New IRS Policy on Offer In Compromise

 

Nicholas Frey

 

The Internal Revenue Service (IRS) has issued interim guidance on refund recoupments, clarifying its revised policy for employees of the Specialty Collection Offer in Compromise (SCOIC). The new guidance is projected to encourage more taxpayers to pursue a fresh start via the offer-in-compromise (OIC) route. This guidance is outlined in SBSE-05-1021-0063 (10/28/2021) and IRM 21.4.6.5.11.1 (11-08-2017).

The Offer in Compromise program is a tax settlement option that allows taxpayers to settle their tax liabilities for less than the full amount owed. It is available to taxpayers who are unable to pay their tax debts in full, either because of financial hardship or other reasons. However, one of the biggest obstacles that taxpayers face when pursuing an OIC is the recoupment of refunds.

Under the previous policy, the SCOIC employee reviewing an OIC application was required to initiate or recommend refund recoupment during the application process. This meant that any tax refunds the taxpayer was entitled to would be applied to their outstanding debt, making it difficult for taxpayers to pursue an OIC.

The new guidance issued by the IRS clarifies that SCOIC employees will no longer initiate or recommend refund recoupments during the OIC application process. This change allows taxpayers who are pursuing an OIC to keep any refunds they are entitled to, which can make a significant difference in their ability to pay off their tax debts.

An example of the new guidance in practice would be a taxpayer who owes the IRS $10,000 in back taxes and is entitled to a $2,000 tax refund. Under the previous policy, the SCOIC employee reviewing the taxpayer's OIC application would have recommended that the $2,000 refund be applied to the outstanding debt, leaving the taxpayer with only $8,000 remaining to settle.

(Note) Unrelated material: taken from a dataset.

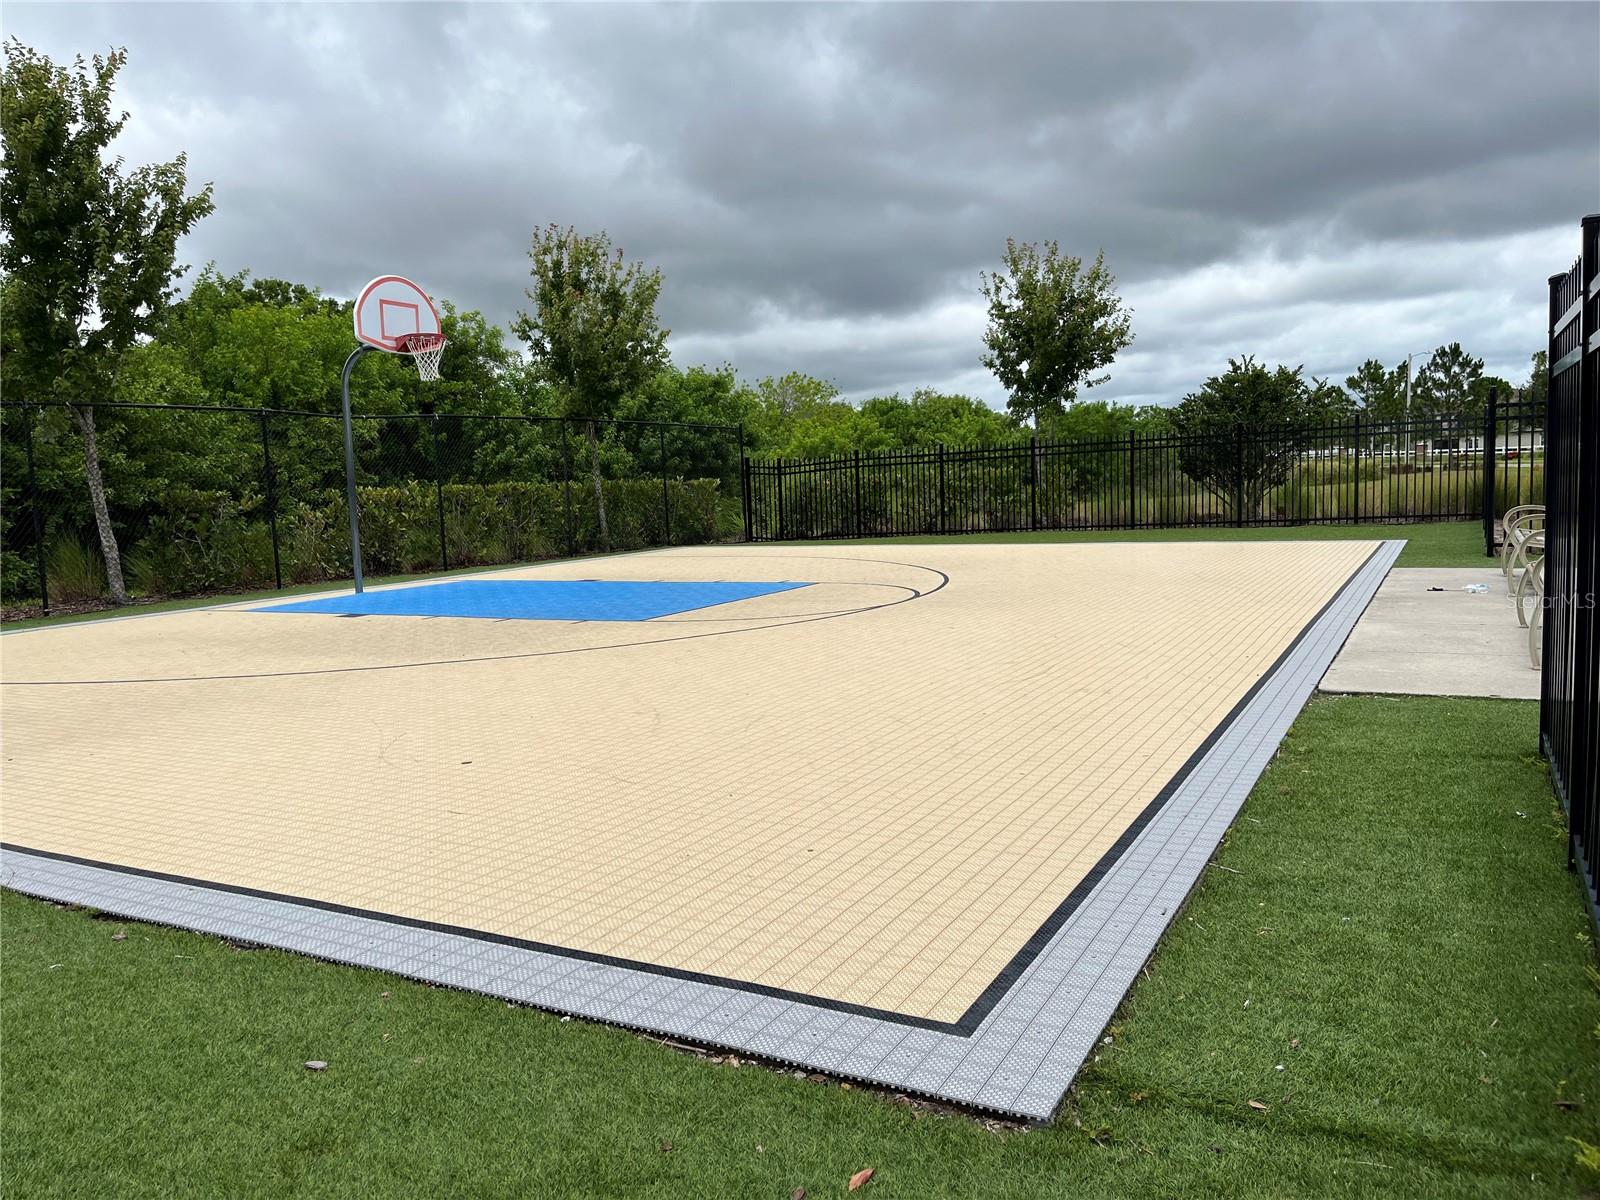 Basketball court near pool and playground, with nice seat benches

However, under the new guidance, the SCOIC employee will not recommend refund recoupment during the application process. This means that the taxpayer will be able to keep their $2,000 refund and use it to pay for living expenses or other bills. If the OIC is ultimately accepted, the taxpayer will be able to settle their $10,000 tax debt for a reduced amount and move forward with a fresh start.

Another example would be a taxpayer who owes the IRS $50,000 in back taxes and is entitled to a $5,000 tax refund. Under the previous policy, the SCOIC employee reviewing the taxpayer's OIC application would have recommended that the $5,000 refund be applied to the outstanding debt, leaving the taxpayer with only $45,000 remaining to settle.

Under the new guidance, however, the taxpayer will be able to keep their $5,000 refund and use it to pay for living expenses or other bills. If the OIC is ultimately accepted, the taxpayer will be able to settle their $50,000 tax debt for a reduced amount and move forward with a fresh start.
In conclusion, the new interim guidance issued by the IRS is a positive development for taxpayers who are struggling to pay their tax debts. The revised policy for SCOIC employees clarifies that they will not initiate or recommend refund recoupments during the OIC application process, which makes it easier for taxpayers to pursue an OIC and get the fresh start they need to move forward financially. If you are considering an OIC, it is important to work with an experienced tax professional who can guide you through the process and ensure that you are taking advantage of all available options.